As soon as they had reached the hotel the irrepressible Apte made a telephone call. The number he requested of the hotel operator was the last number in the world for which one would have expected the man vowed to commit India's crime of the century to ask. It was the central switchboard of the Bombay Police Department. When the switchboard answered, Apte requested extension 305. There at the other end of the line was the welcoming voice of the girl who would share Apte's bed that evening, the daughter of the Chief Surgeon of the Bombay Police.

The critical moment that Gandhi's young doctor had been watching for since he began his fast arrived with a swiftness so shocking that even she had not foreseen it. Analyzing his urine on the morning of Thursday, January 15, Sushila Nayar found in it the dread presence of acetone and acetic acid. The fatal process had begun. Gandhi's reserves of carbohydrates were gone. His body was starting to gnaw at its own entrails, to consume its life-sustaining protein. Barely forty-eight hours after he launched his fast, the exhausted old man was already sinking toward death.

Nor was that the only sign worrying the girl who had given up a United Nations fellowship in the United States to care for Gandhi. In the preceding twenty-four hours he had absorbed 68 ounces of the lukewarm water and bicarbonate of soda he so detested. Her careful tabulations showed that he had eliminated only 28. Gandhi's kidneys, damaged by his Calcutta fast, were not functioning properly. Deeply concerned, Sushila tried to explain to Gandhi the seriousness of his condition, why this time he might never recover from his ordeal. He would not listen.

"If I have acetone in my urine, it is because my faith in Rama is incomplete," he murmured.

"Rama has nothing to do with it," Sushila replied. Patiently she explained the scientific process beginning with

the appearance of those foreign bodies in his discharge. He listened in silence. When she had finished, he fixed his eyes on her face.

"And does your science really know everything?" he asked. "Have you forgotten the Lord Krishna's words in the tenth chapter of the Gita—T bear this whole world in an infinitely small part of my being'?"
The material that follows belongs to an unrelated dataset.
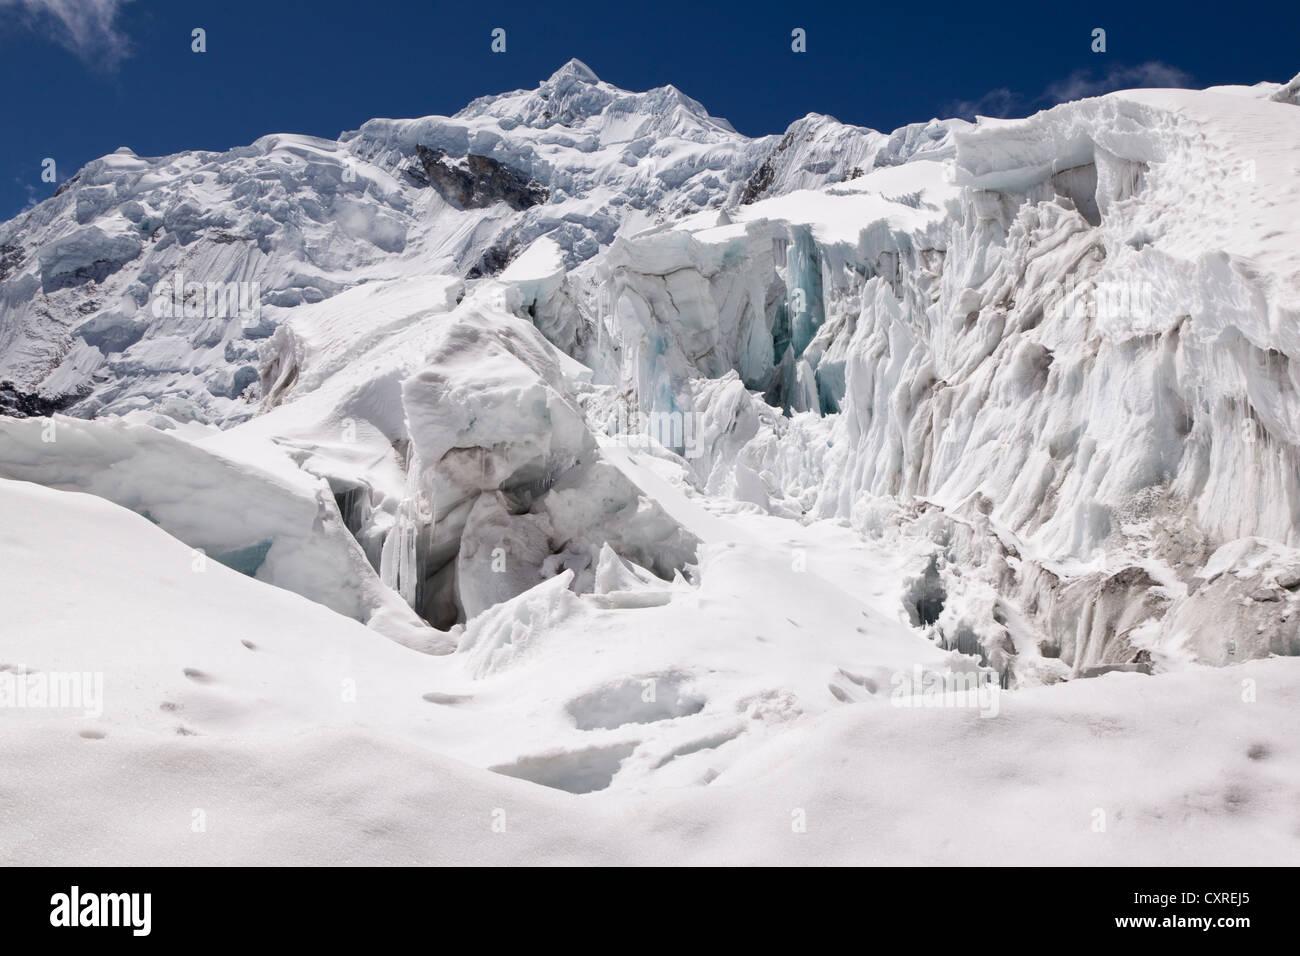 Eisfall vor dem Gipfel des Nevado Chopicalqui Berg, Cordillera Blanca Bergkette, Anden, Peru, Südamerika Stockbild

At seven-twenty on the morning of January 15, while Gandhi was reminding his young doctor of the limitations of her science, Narayan Apte walked into the office of Air India in Bombay. He asked for two tickets on the Bombay-Delhi DC-3 service on the afternoon of Saturday, January 17, for Mr. D. N. Karmarkar, and Mr. S. Marathe. While he began to count out the fare, 308 rupees, the clerk politely inquired if he would be requiring return passages as well.